There’s been a lot written about the deficiencies of DRM over the last couple of days, with some justification too. Recent efforts have been pretty shoddy, with very little effort devoted to allowing content creators to get true credit for their work and more to serve corporate interests. There’s some pretty complex political wranglings to sort out here, between the content providers and hardware and software manufacturers. Does this mean the end of DRM? I doubt it.
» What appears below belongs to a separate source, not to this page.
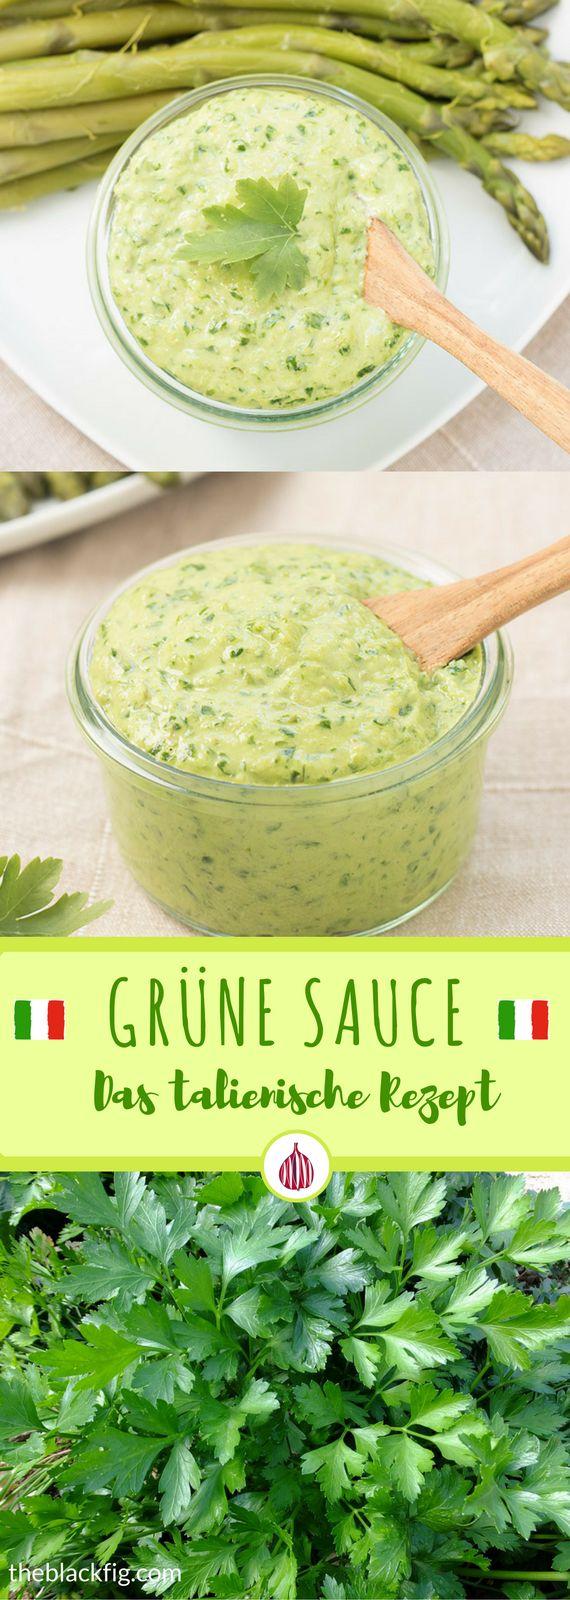 Die grüne Sauce: deutsche vs italienische grüne Sauce. #sauce #italienischkochen

Granted, there are some huge hurdles to overcome in a) creating standards so that the content owners control the game, not the vendors and b) creating a watertight system so that this more than just security through obscurity. The problem gets even harder in the enterprise environment where the use cases are much more complex than the consumer world, but there’s growing momentum behind finding a solution. Only last week at RSA I witnessed long lines of hundreds of people queuing to get into the Trusted Computing workshop. Their aim was to get a handle on a technology that, used properly, can help us build an environment from the ground up where we can control where our data goes and who gets access to it. There’s a long way to go, and as many have pointed out, without oversight this technology can be subverted more than others to serve the needs of big vendors. However, the foundations and the motivations are there to solve the problem.
As security professionals and as consumers, we sit on both sides of the fence. We need to help information owners protect their sensitive data, but after the meeting to discuss how they’re going to do that, we want to listen to a few tunes while checking our e-mail. We’ll surely be highly instrumental in finding a solution.